La selección se llevó a cabo en una amplia gama de valores de pH y conductividad. Los experimentos realizados para este estudio de caso demostraron la efectividad de la membrana Mustang Q para la remoción de la proteína de la célula huésped bajo las condiciones seleccionadas.

MATERIALES Y MÉTODOS

Mustang Q es un soporte de intercambio aniónico con grupos funcionales de aminas cuaternarias en un recubrimiento polimérico entrelazado, en una membrana con tamaño de poro de 0,8 μm. Esto proporciona capacidades de alto dinamismo para productos de peso molecular elevado, como el ADN, los plásmidos o incluso partículas grandes como los virus. Mediante el uso de cromatografía de membrana Mustang Q con una estrategia de HTS (selección de alto rendimiento) con 96 receptáculos, Pall identificará los parámetros de cromatografía iniciales para lograr una recuperación de pasos y una calidad de producto aceptables.

Se llevó a cabo un estudio de DoE para seleccionar las condiciones de uso en términos de pH y conductividad, a fin de obtener el mejor rendimiento. Los ensayos se llevaron a cabo en modo de flujo a fin de remover impurezas de los medios de cromatografía de membrana Mustang Q, adoptando placas de filtro de 96 receptáculos Pall AcroPrep™ Advance.
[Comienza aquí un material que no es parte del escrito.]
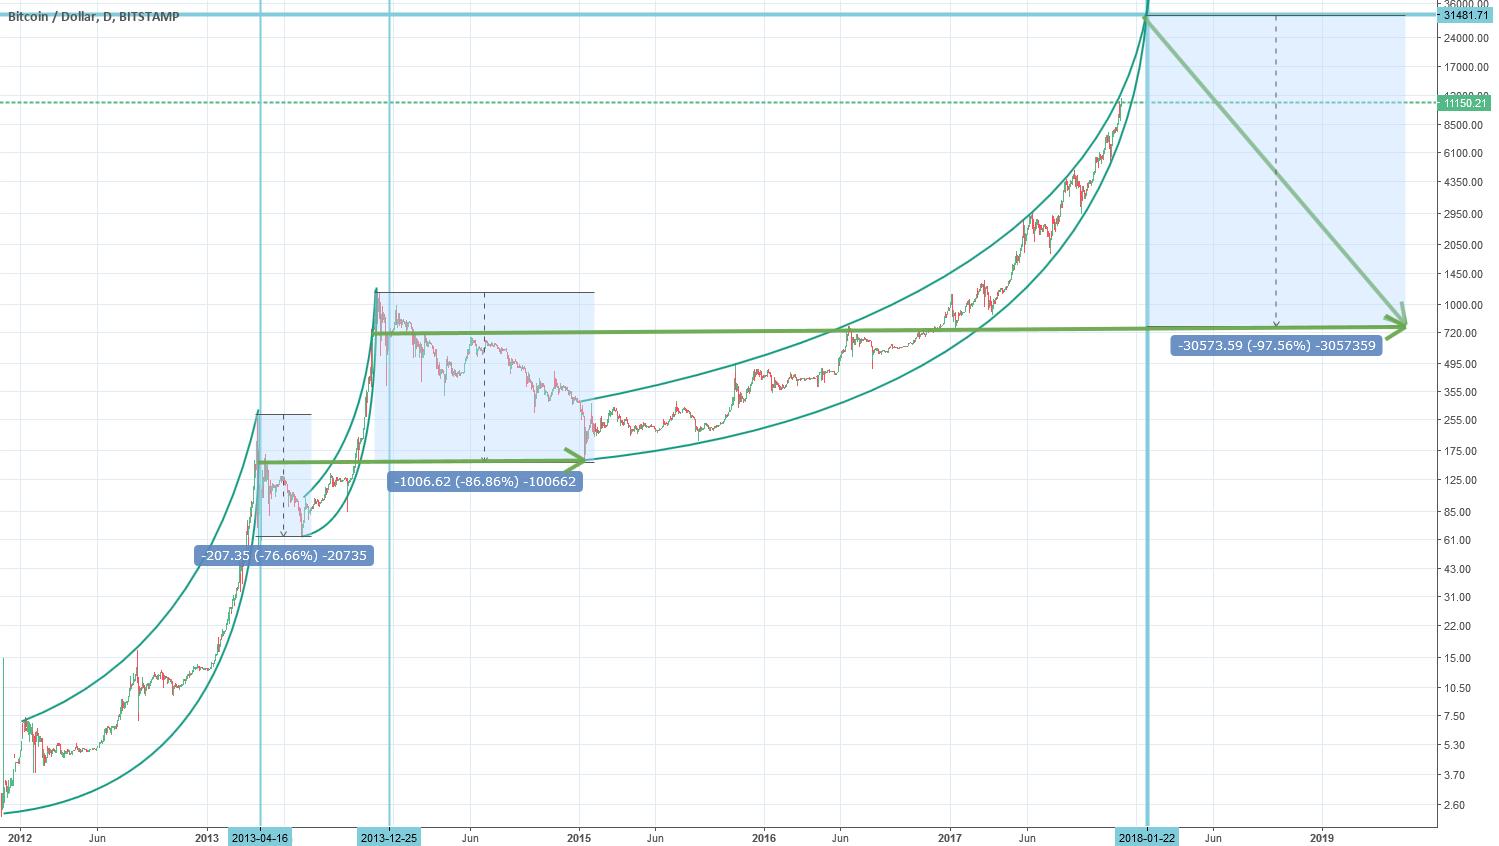 BTCUSD Below $1000 after Reaching parabolic maximum at 30000

El espacio de selección de la DoE incluyó las siguientes condiciones: pH de 6,0; 6,4; 6,7 y 7,3; y conductividades de 4, 6 y 8 mS/cm.

• Membrana Mustang Q en placas de filtro AcroPrep de 96 receptáculos en un colector de vacío de placa con múltiples receptáculos para evaluar 12 puntos de DoE en modo de flujo
• Paso de RevEr3mAb después de la captura de proteína A, condiciones de carga:
  • 1,67 g de anticuerpo/1 mL de volumen de membrana Mustang Q
  • Proteína de la célula huésped, 938 ppm
  • Monómero, 92,5 %

RESULTADOS

CONCLUSIÓN

En el IBI (Istituto Biochimico Italiano) se probó con éxito un paso de pulido con cromatografía de membrana Mustang Q en modo de flujo para la remoción de proteína de la célula huésped residual en un proceso de purificación de RevEr3mAb a escala de laboratorio, después de un paso de cromatografía de columna de Proteína A convencional.
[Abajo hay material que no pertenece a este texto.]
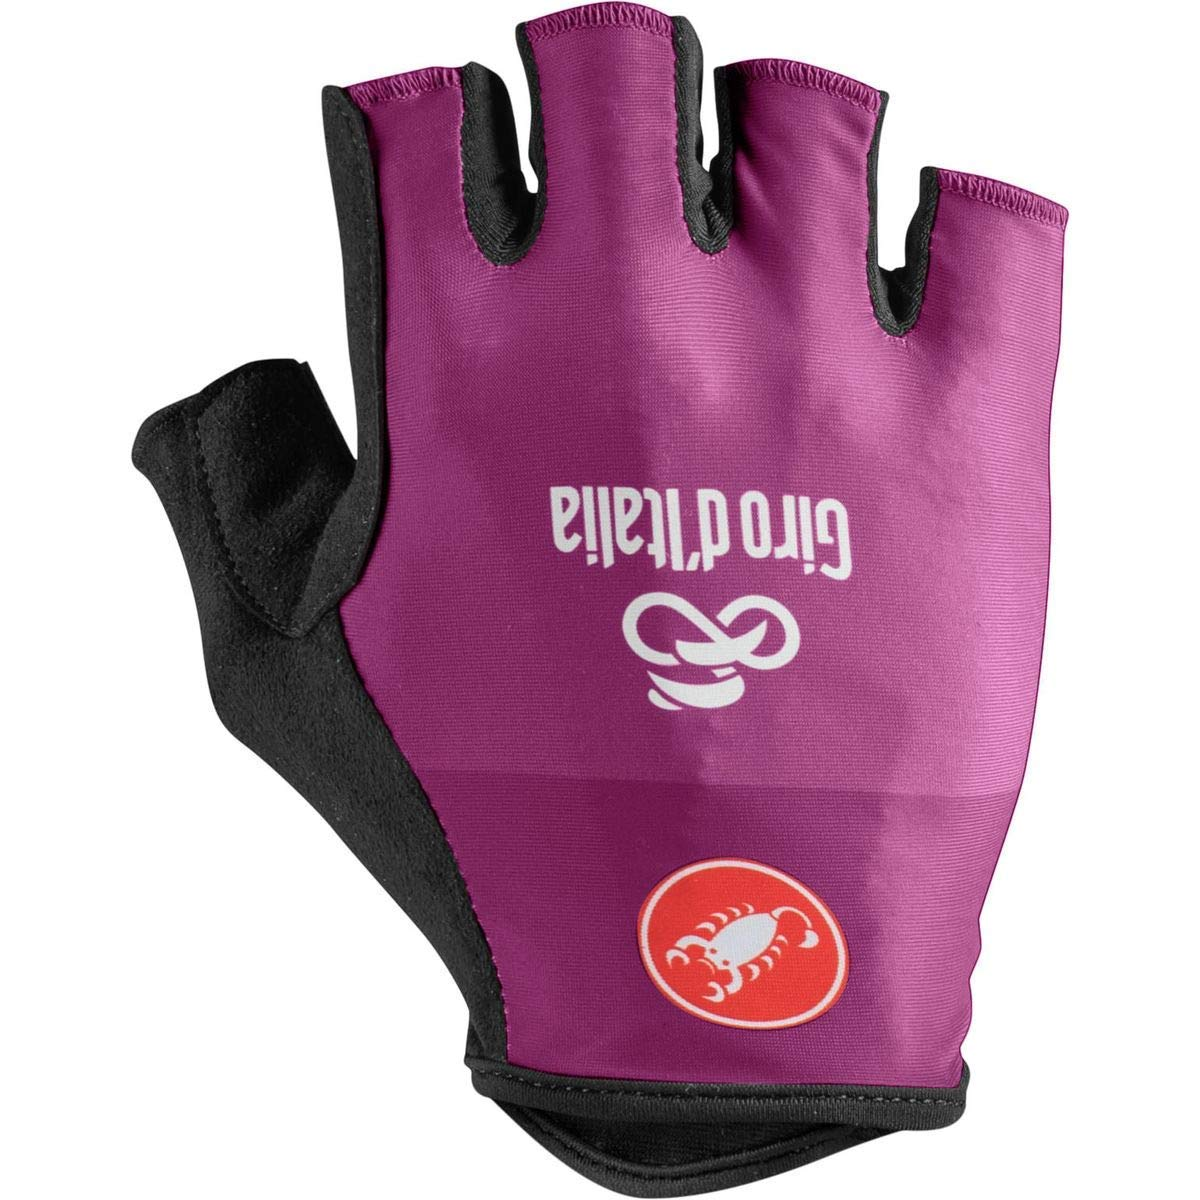 Castelli 9510209 # Giro102 Glove Mens Cycling Gloves

La contribución del paso de pulido con cromatografía de membrana Mustang Q a la reducción de proteína de la célula huésped demostró una recuperación de producto del >88 %.

La plataforma de placas AcroPrep de 96 receptáculos está fabricada con polipropileno biológicamente inerte y con resistencia química, con una tapa de poliestireno transparente y 14 μL de membrana Mustang Q por receptáculo. El volumen máximo del receptáculo es de 350 μL, de modo que cada dosis podría tener una variabilidad que podría explicar los resultados de rendimiento en las fluctuaciones del método analítico. Los datos se reevaluarán en una membrana Mustang Q en unidades XT Acrodisc® a fin de lograr una precisión de datos más elevada.
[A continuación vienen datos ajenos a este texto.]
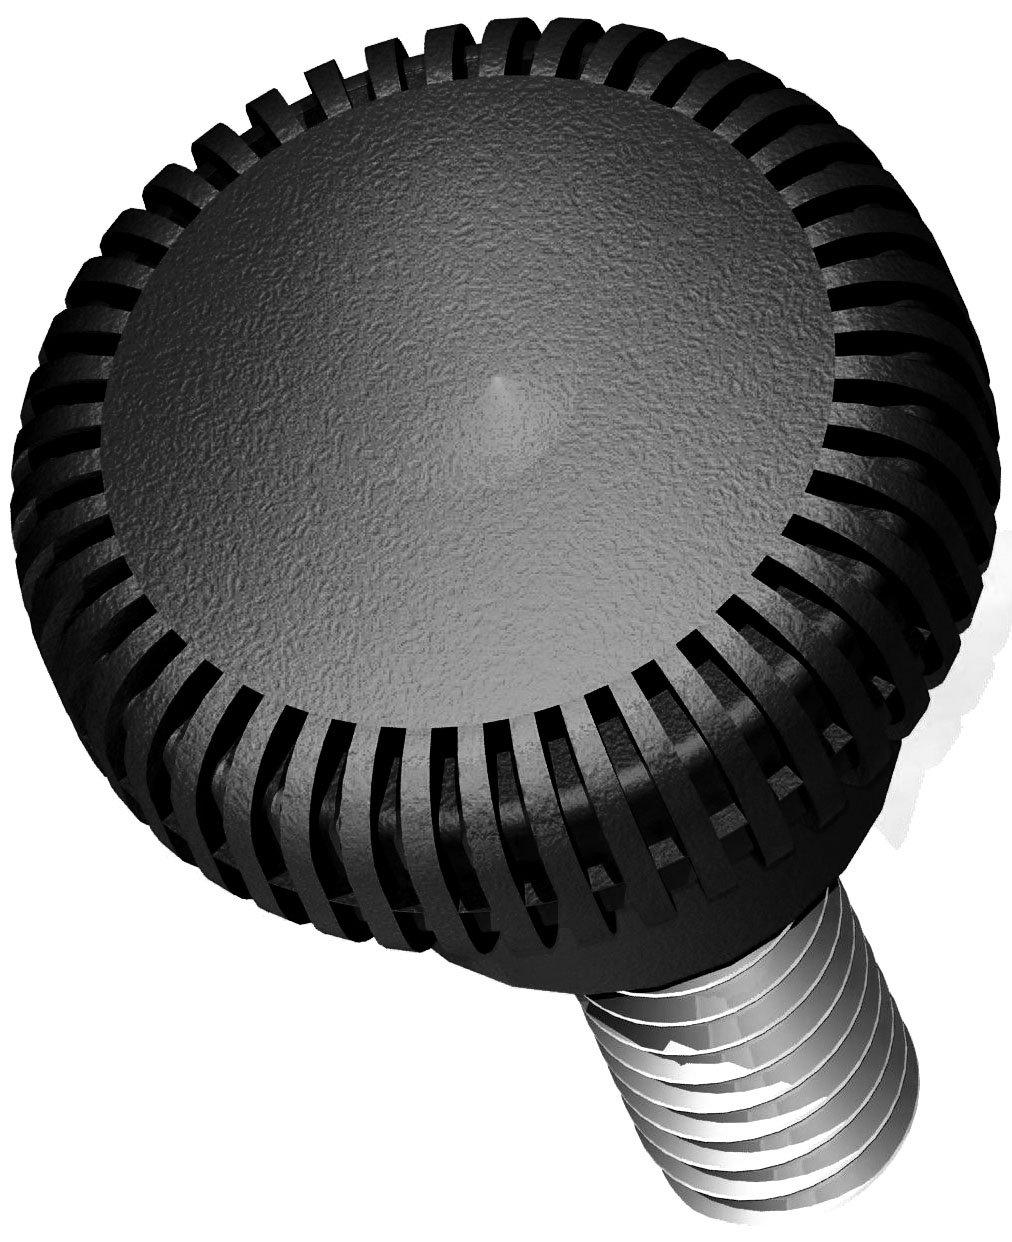 Innovative Components AN820500K3N21 .75'' Knurled knob blind 8-32 X .50'' steel zinc stud black ABS (Pack of 10)

La colaboración entre IBI y Pall proporcionó un DoE exacto y preciso, que estima los efectos en diferentes condiciones para demostrar una reducción de HCP de >88 %.

La adopción de una estrategia de DoE garantiza una evaluación de riesgos minuciosa y permite la generación de una estrategia de mitigación adecuada.

Los resultados de la DoE son un incremento de los conocimientos sobre el método, que podría optimizarse más aumentando los ensayos de volumen con membrana Mustang Q en unidades XT Acrodisc, adoptando las mejores condiciones determinadas a través de los resultados analíticos.

En base a los resultados de la DoE, puede usarse una cápsula Mustang Q con un volumen de lecho de 10 mL con la alimentación de RevEr3mAb con un tamaño de lote de hasta 28 L, suponiendo una concentración de anticuerpos monoclonales de hasta 0,3 g/L.